American playwright and screenwriter (born 1938)

John Guare (/ɡɛr/ GERR; born February 5, 1938) is an American playwright and screenwriter. He is best known as the author of The House of Blue Leaves and Six Degrees of Separation.

==Early life==

John Guare was raised in Jackson Heights, Queens. In 1949, his father suffered a heart attack and subsequently moved the family to Ellenville, New York, while he recovered. His father's relatives lived there, making it an idyllic experience for him. Guare did not regularly attend school in Ellenville because the school's daily practices were not in keeping with the recommendations of the Catholic Church, causing his father to suspect the school had communist leanings. Instead of attending school, Guare was assigned home study and took exams intermittently, which allowed him time to go to the movies and see all the hits of the time. This had a lasting influence on Guare and his career.

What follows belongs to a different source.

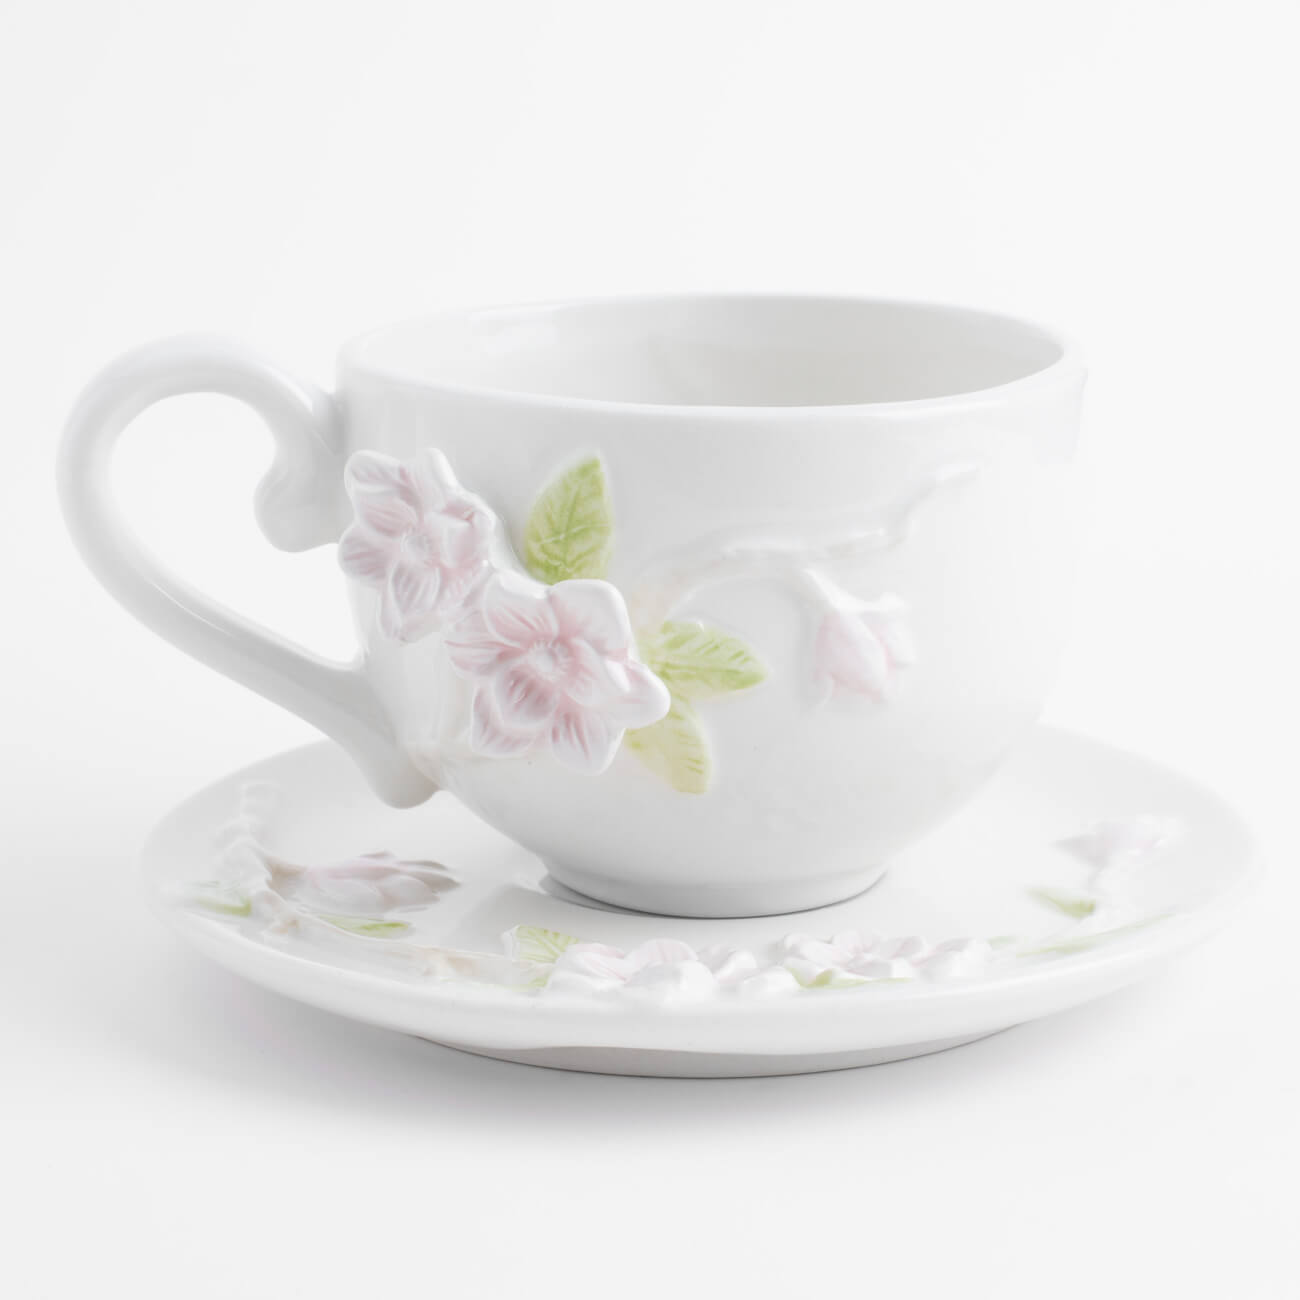 Пара чайная для завтрака, 1 перс, 2 пр, 420 мл, керамика, молочная, Цветы магнолии, Magnolia - фото 1

He attended Georgetown University and the Yale School of Drama, graduating in 1962 with a M.F.A in Playwriting. Under the direction of Georgetown's Donn B. Murphy, his play The Toadstool Boy, about a country singer's quest for fame, won first place in the District of Columbia Recreation Department's One-Act-Play competition. In 1960, the Mask and Bauble presented The Thirties Girl, a musical for which Guare did the book, much of the music and the lyrics, again under Murphy's tutelage. Set in 1920s Hollywood, it deals with the dethronement of a reigning diva by a fresh-faced starlet.

==Career==
Guare's early plays, mostly comic one-acts exhibiting a flair for the absurd, include To Wally Pantoni, We Leave a Credenza, produced at Caffe Cino in 1965 and Muzeeka (1968).

Cop-Out premiered on Broadway at the Cort Theatre on April 7, 1969, and closed on April 12, 1969, as part of two one-act plays, including Home Fires. Cop-Out starred Linda Lavin and Ron Leibman.

The House of Blue Leaves, a domestic black comedy, premiered Off-Broadway in 1971 at the Truck and Warehouse Theatre. It was revived off-Broadway at the Lincoln Center for the Performing Arts in 1986 before transferring to Broadway later in 1986. The play was revived on Broadway in 2011, starring Ben Stiller, whose mother, Anne Meara, had appeared in the 1971 production. According to Marilyn Stasio writing in Variety the play "sets the bar for smart comic lunacy."

Chaucer in Rome, "said to be a sequel of sorts to ... The House of Blue Leaves and includ[ing] the son of one of the earlier play's characters" received its world premiere at the Williamstown Theatre Festival in July 1999 and was produced Off-Broadway in 2001 at Lincoln Center Theater's Newhouse Theater.

Later plays include Marco Polo Sings a Solo, produced at the Joseph Papp Public Theater/New York Shakespeare Festival in January to March 1977, with a cast that featured Joel Grey, Anne Jackson, Madeline Kahn, and Sigourney Weaver. Bosoms and Neglect was produced on Broadway in 1979, and revived off-Broadway in 1998 by the Signature Theatre Company. Moon Over Miami was produced at the Williamstown Theatre Festival in 1987 and then at the Yale Repertory Theatre in New Haven in February 1989.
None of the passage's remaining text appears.